## Task goal
Counting only lines that contain the string "pair", how many are there in the data? Say the number alone.

## Collected material
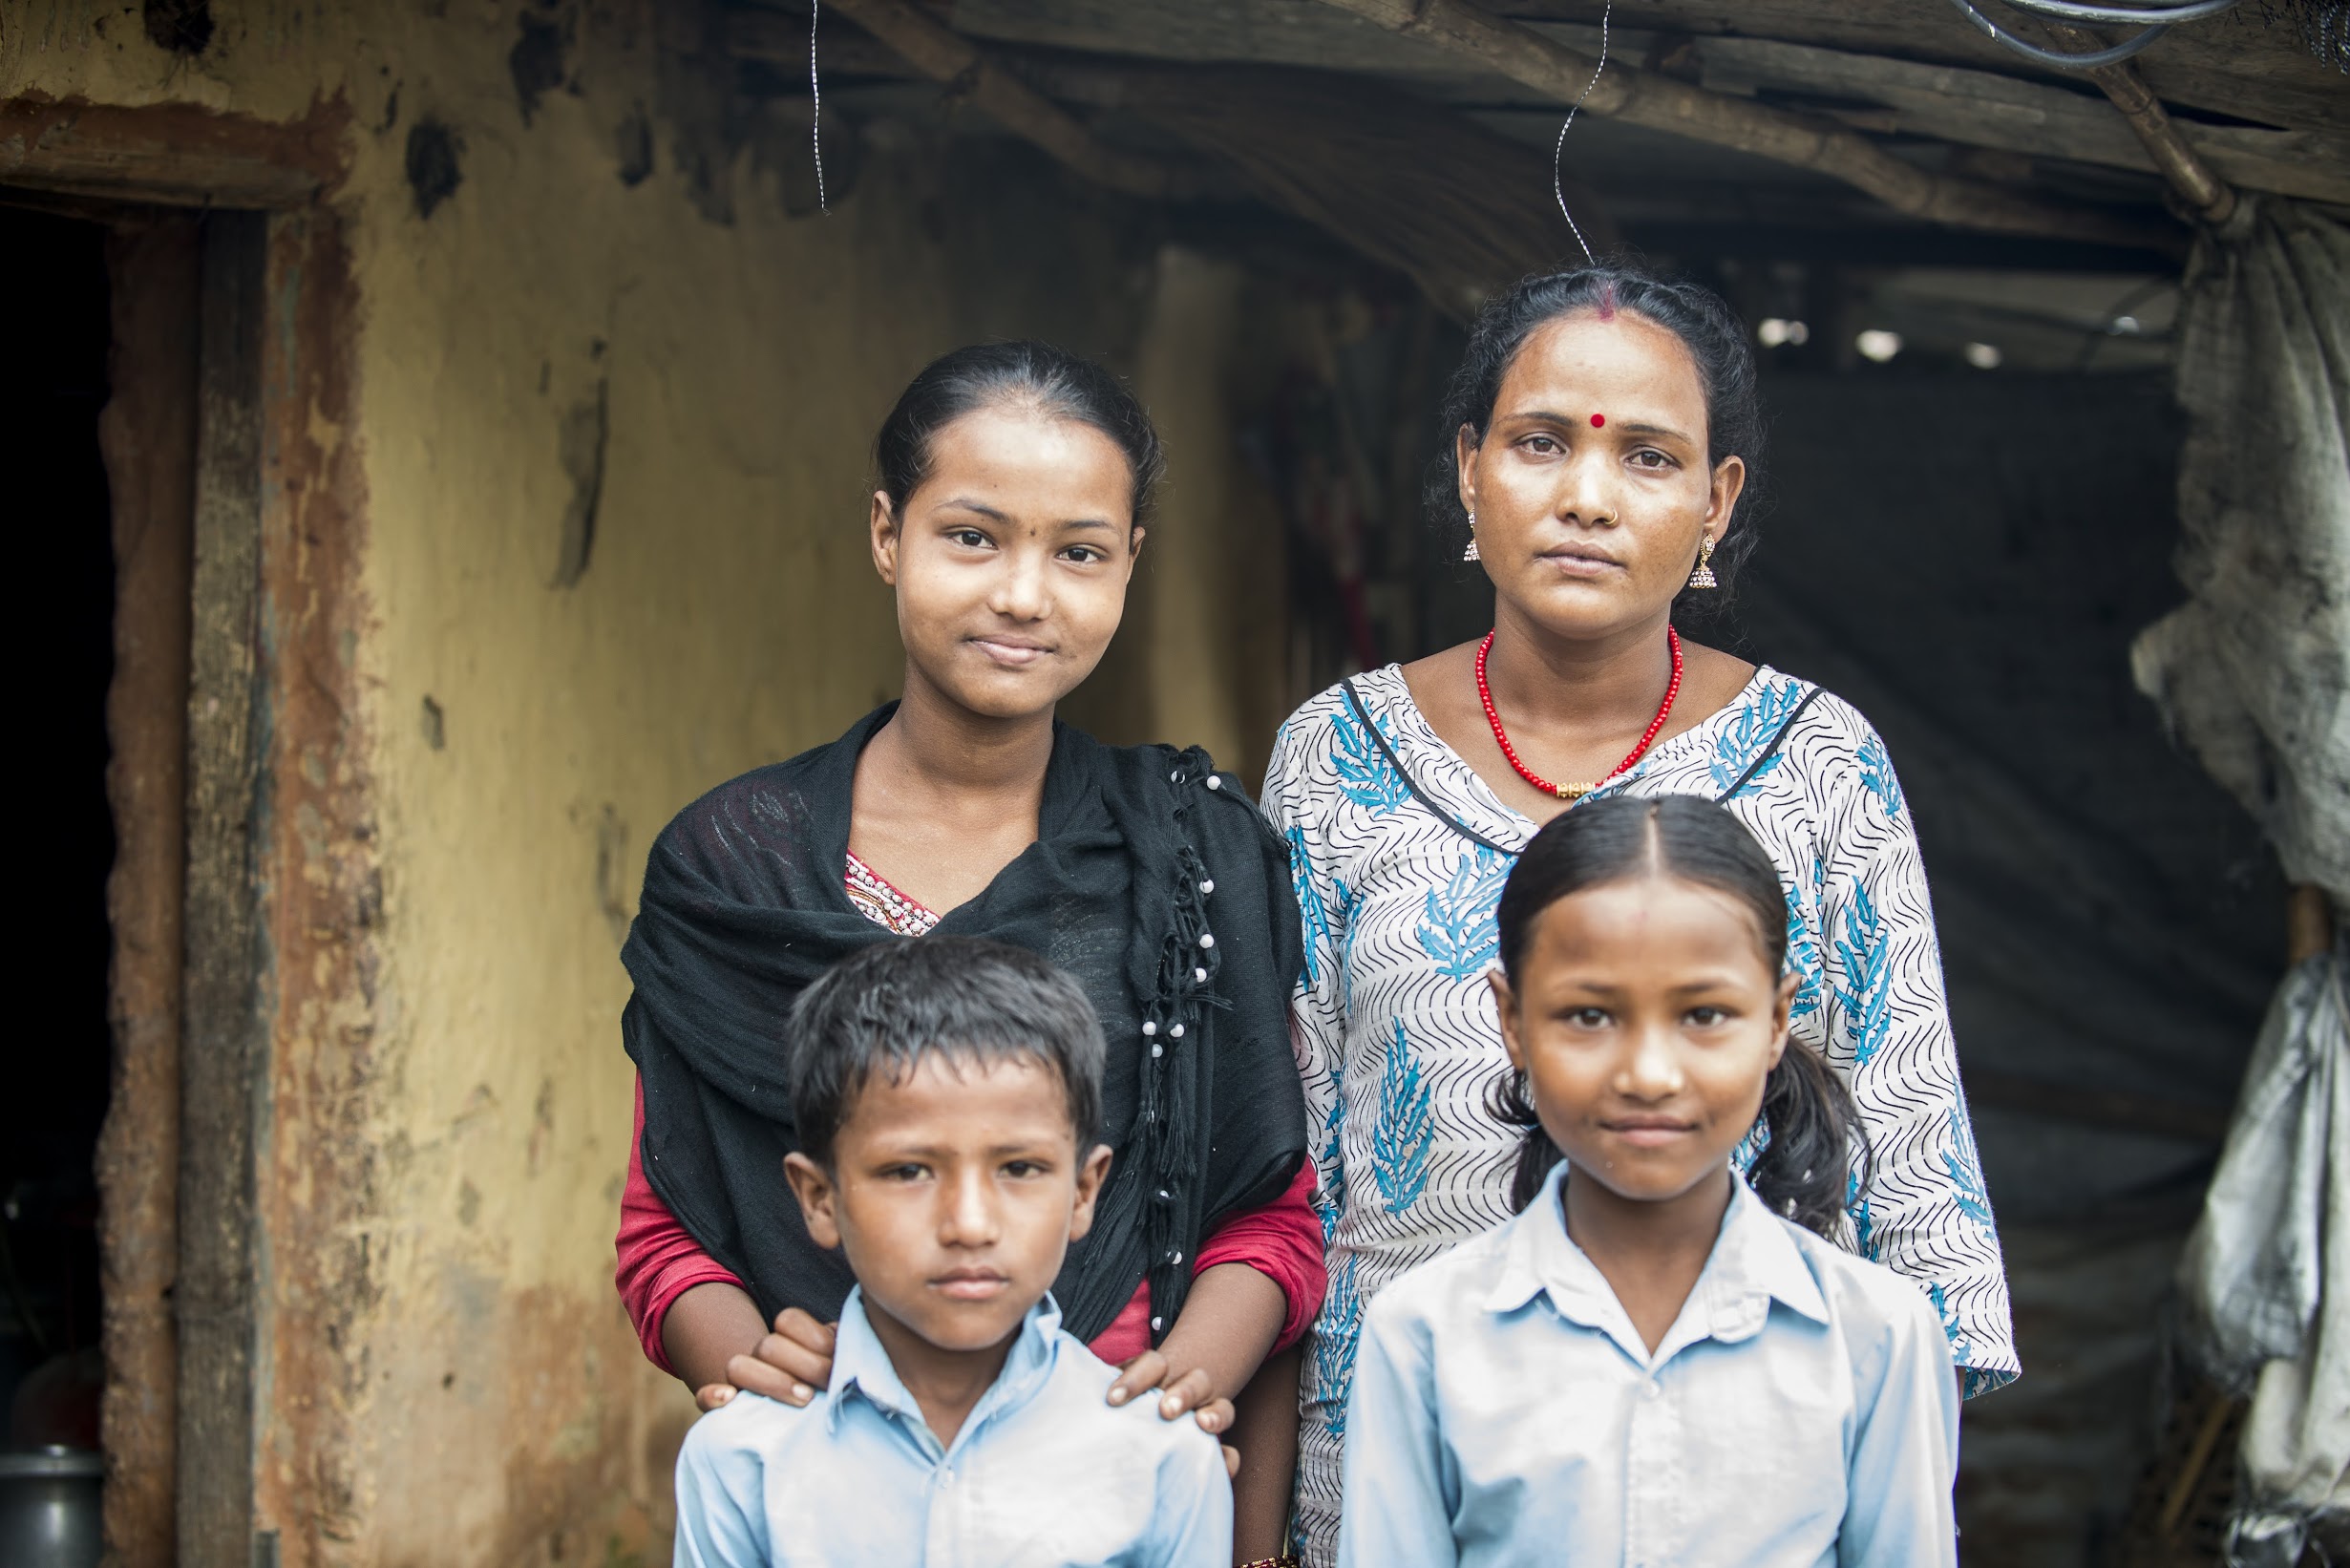 Dhana poses with her three children of her four children before they head to school and she heads to the Women’s Center
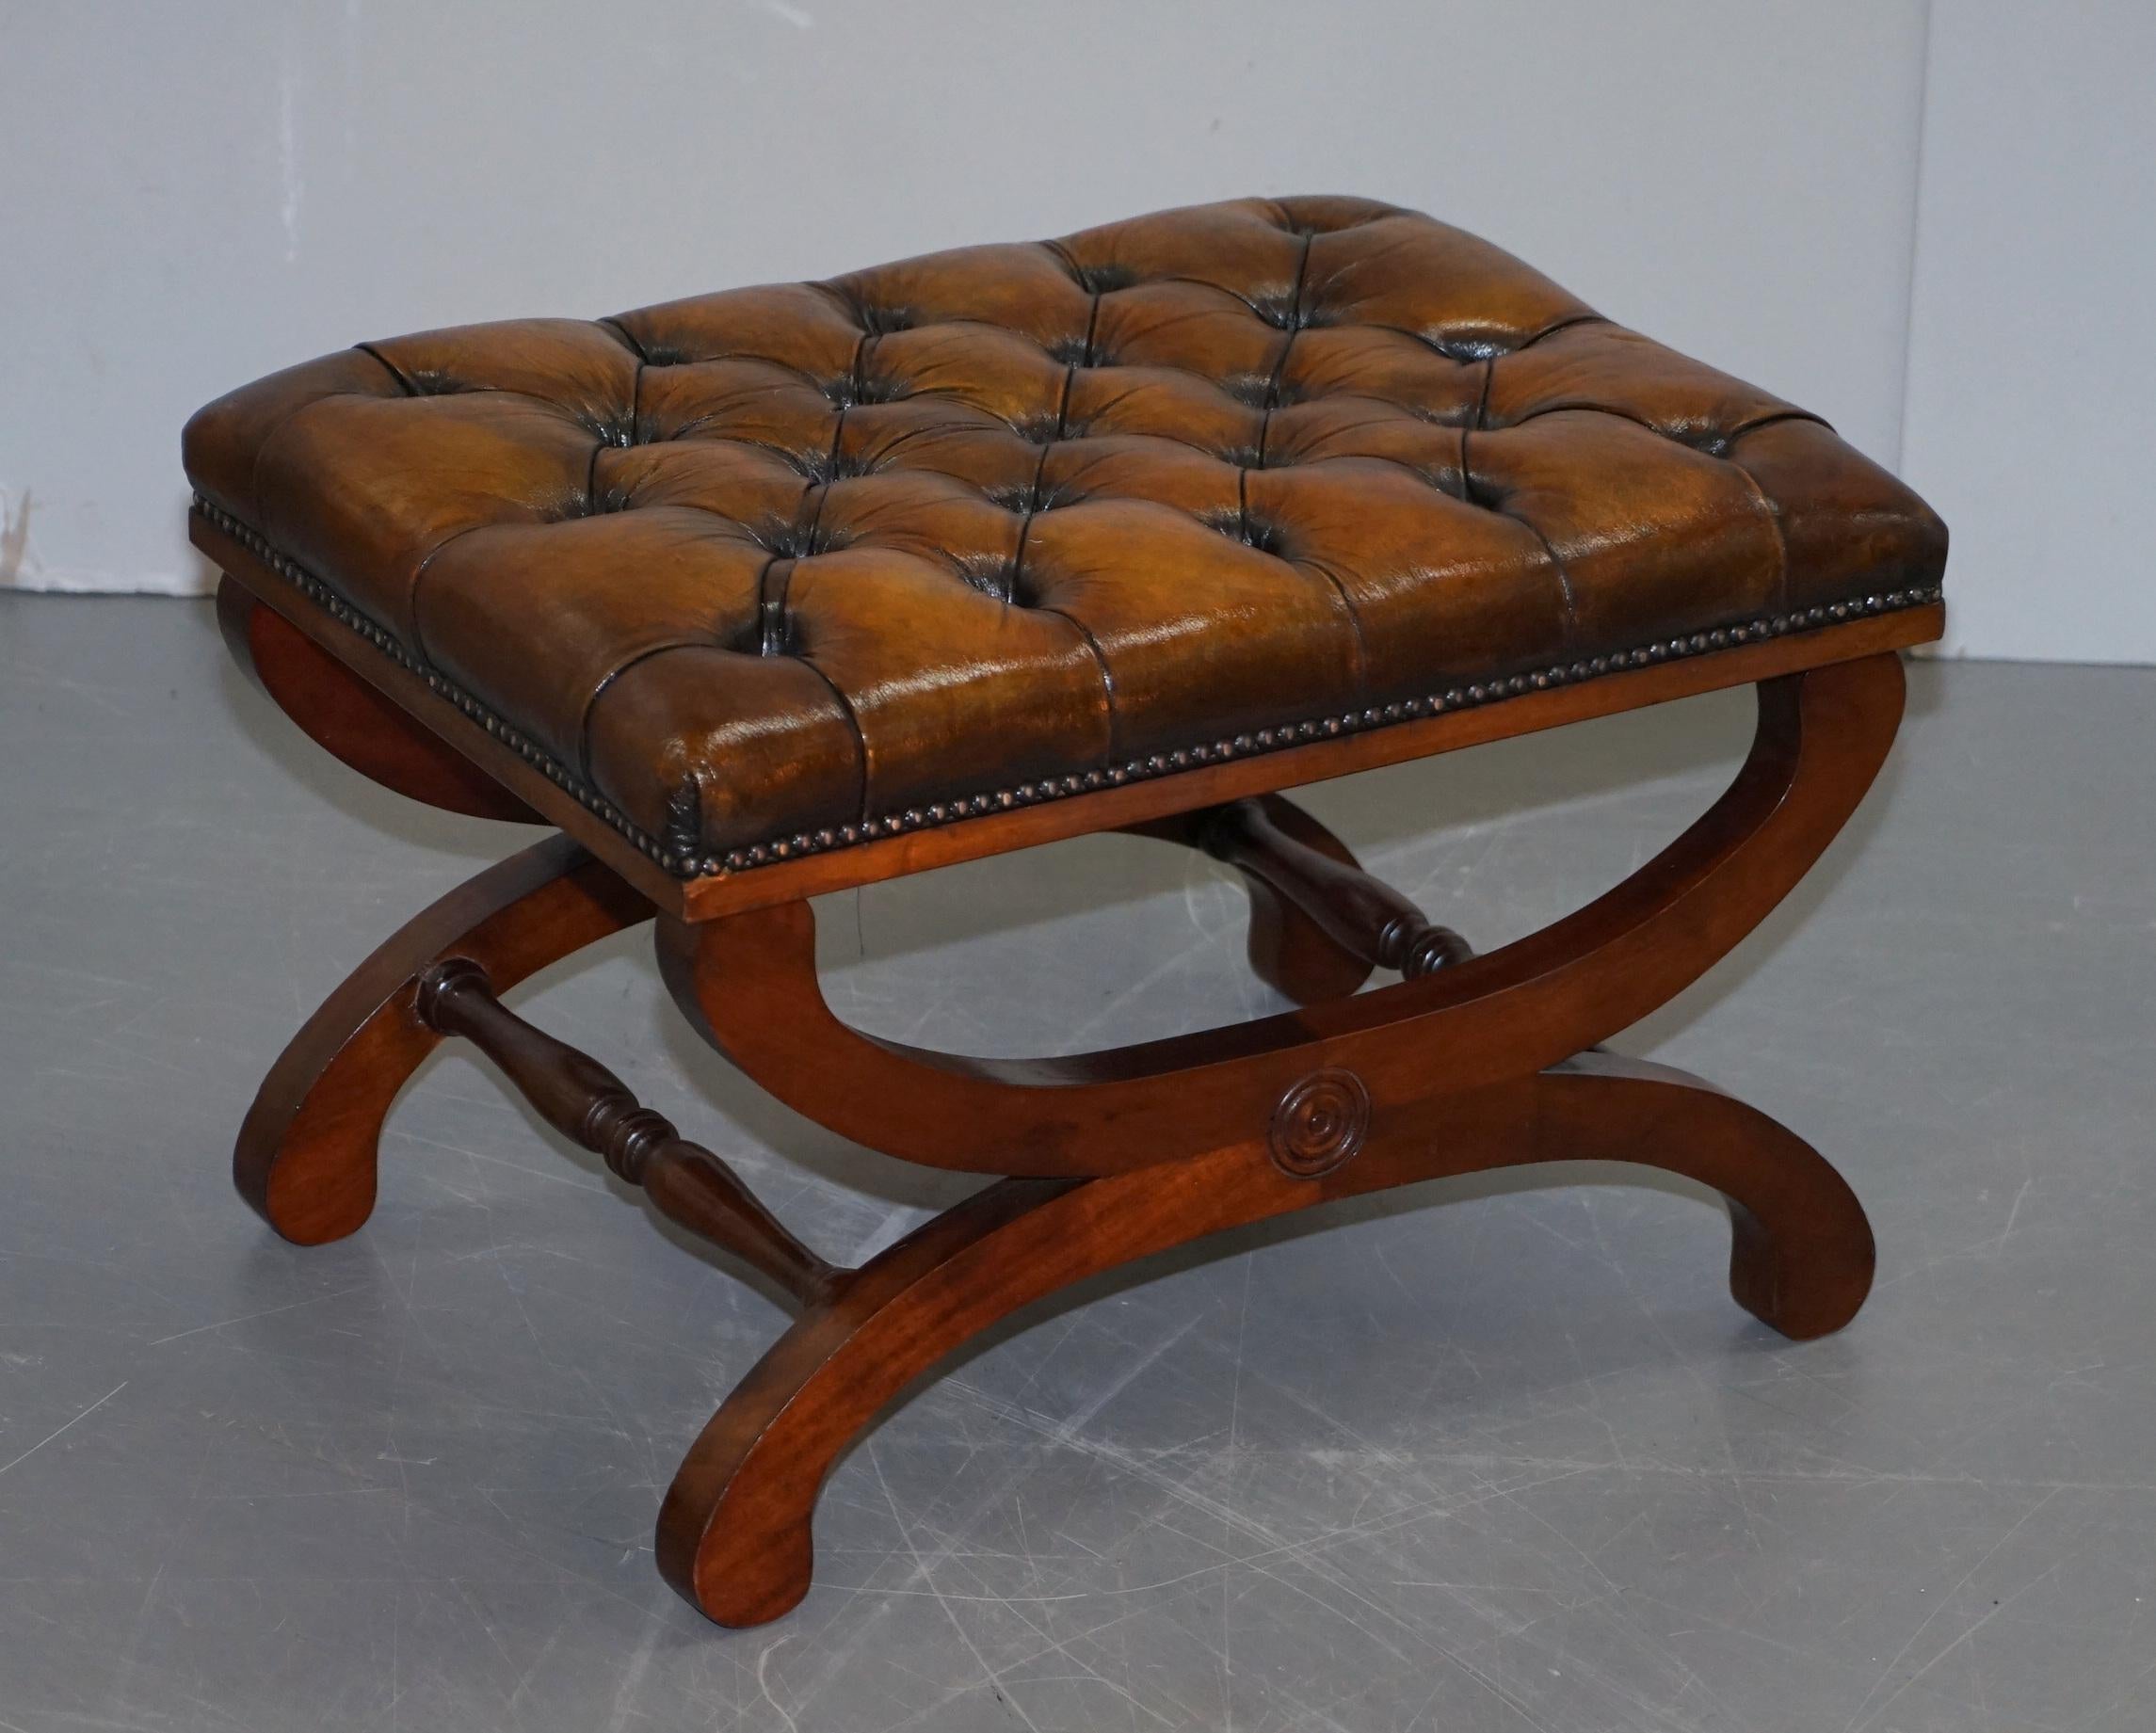 Wimbledon-Furniture

Wimbledon-Furniture is delighted to offer for sale this sublime pair of vintage fully restored Whisky Brown leather Chesterfield footstools

A very good looking and comfortable pair of stools, the leather has been stripped

## Answer below
2